# Introduction

The AI market is facing significant challenges arising from shortages in computational power and the complexities associated with the widespread deployment and access to large-scale AI applications. As AI technologies, particularly advanced models such as deep learning and large language models, continue to evolve, their demand for extensive computational resources has escalated. The training and operation of these sophisticated systems necessitate substantial processing power, memory, and energy, which are often prohibitively costly for smaller companies and individual users. This growing demand for high-performance computing has created a considerable bottleneck, limiting access to cutting-edge AI technologies to those with significant resources. Consequently, many potential users cannot fully leverage the capabilities of advanced AI systems.

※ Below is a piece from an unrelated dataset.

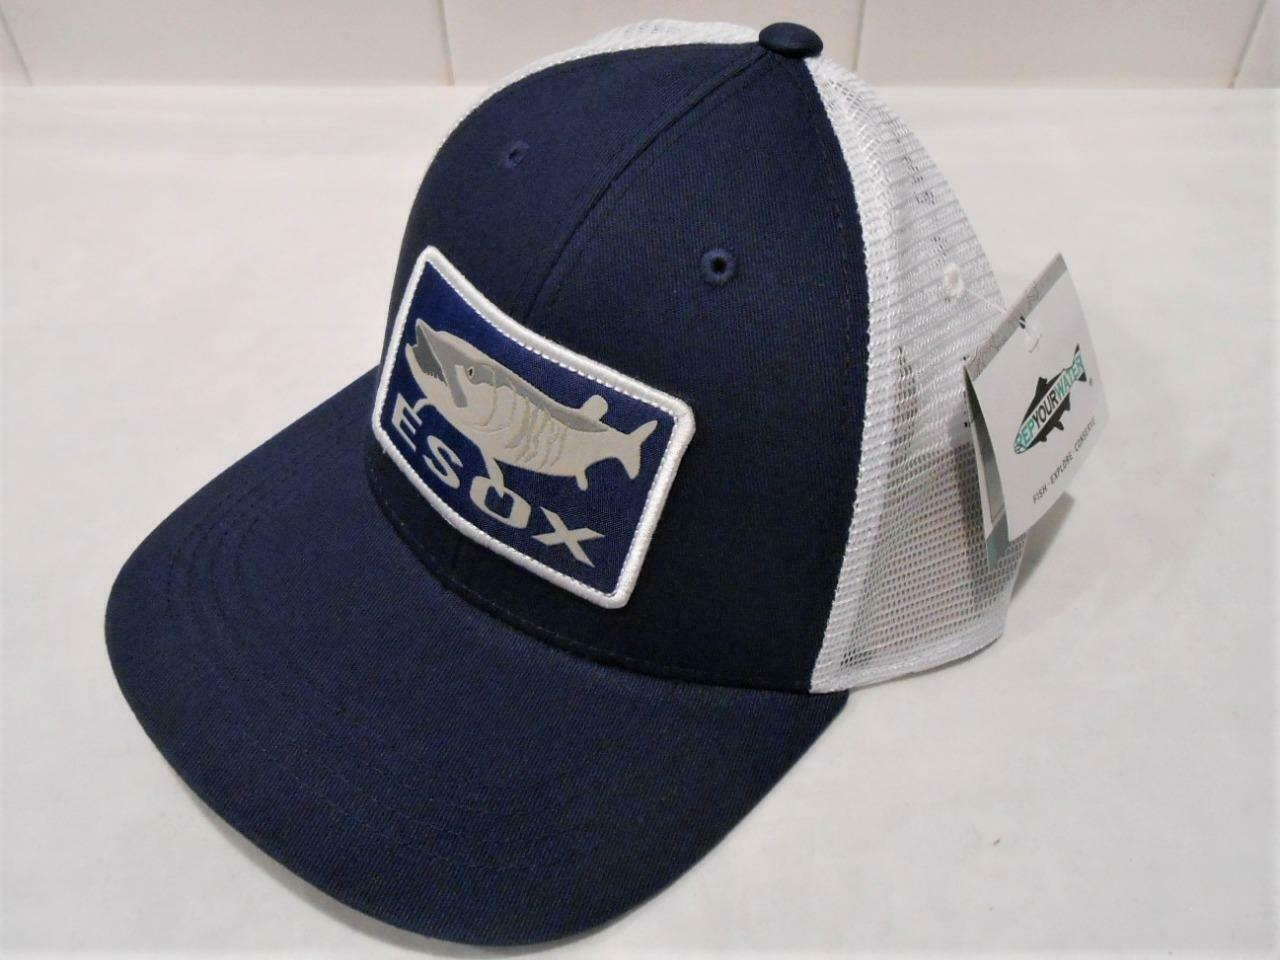 PITY THE BEARDLESS BLACK MESH TRUCKER HAT W// ENAMEL PIN ADJUSTABLE SNAPBACK CAP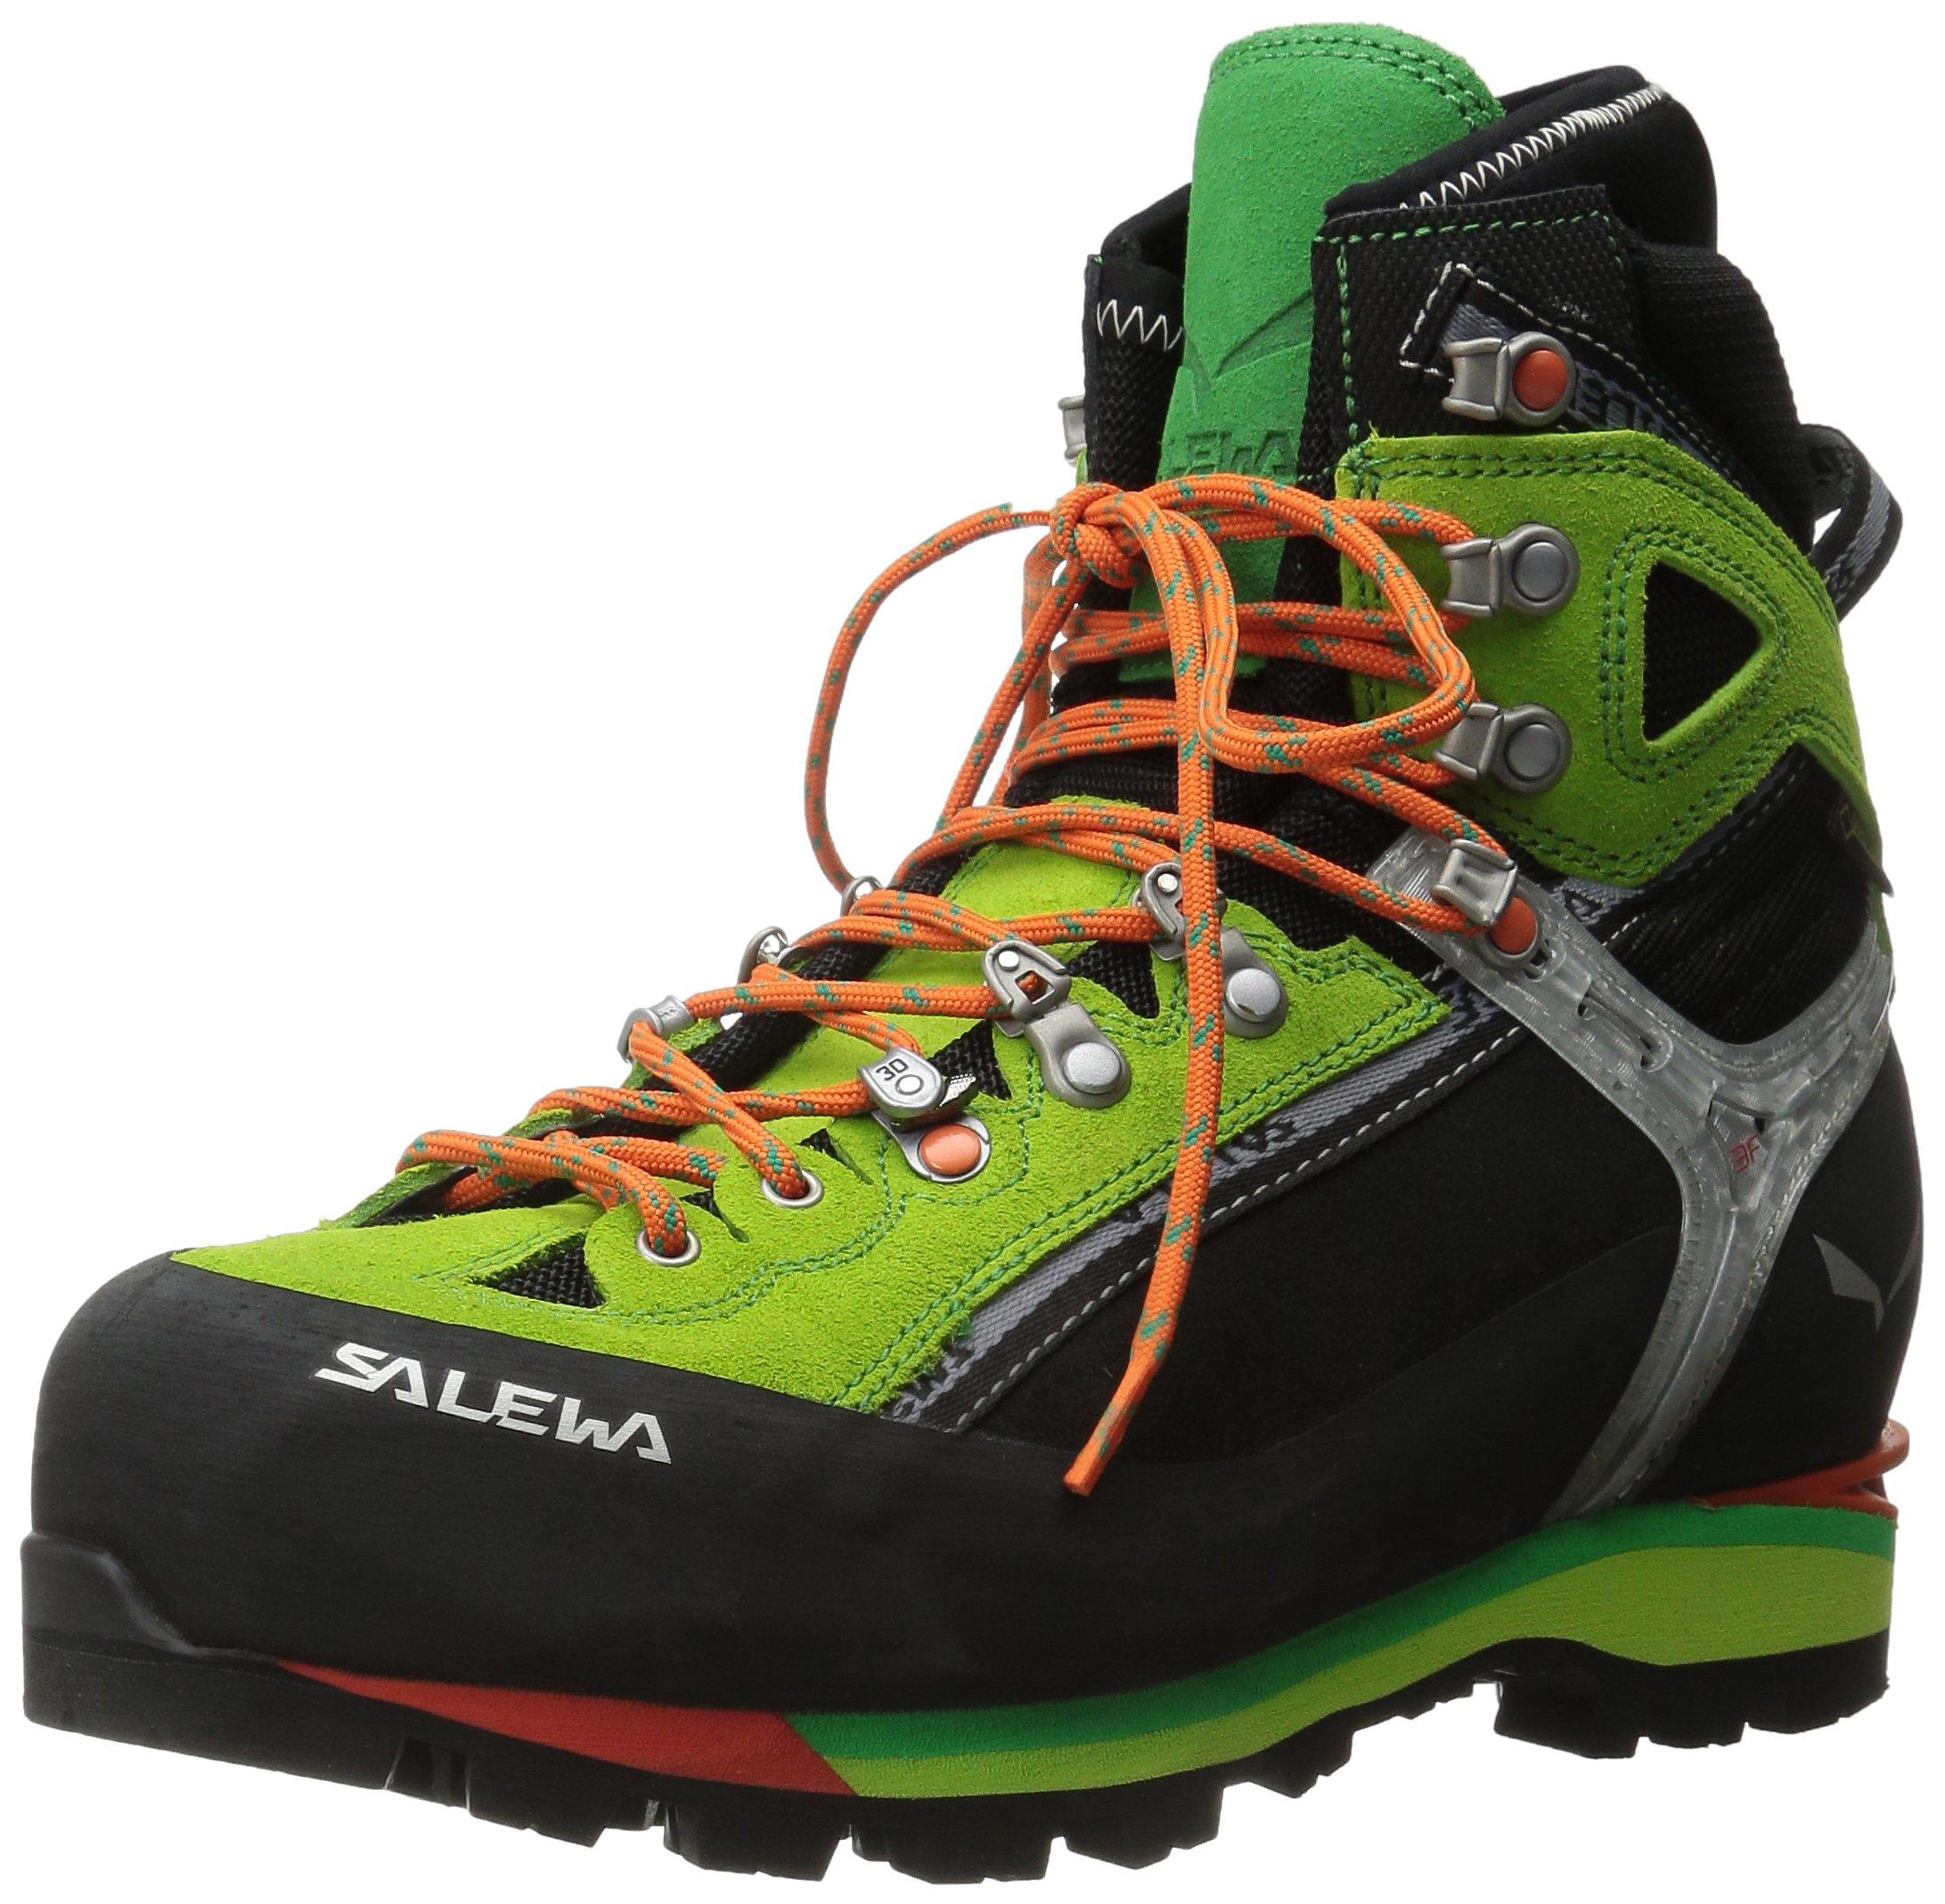 Salewa men 39 s ms condor evo gtx m mountaineering boot for Salewa amazon

The deployment of large-scale AI applications introduces additional layers of complexity. These systems are resource-intensive and require advanced technical expertise and a robust infrastructure to integrate effectively with existing platforms. This represents a significant barrier for many businesses and individuals, as deploying AI solutions often entails high costs, ongoing technical support, and specialized knowledge that may not be readily accessible. The challenge of simplifying and streamlining the deployment process remains a major obstacle, limiting the widespread adoption of AI applications by non-expert users and smaller organizations.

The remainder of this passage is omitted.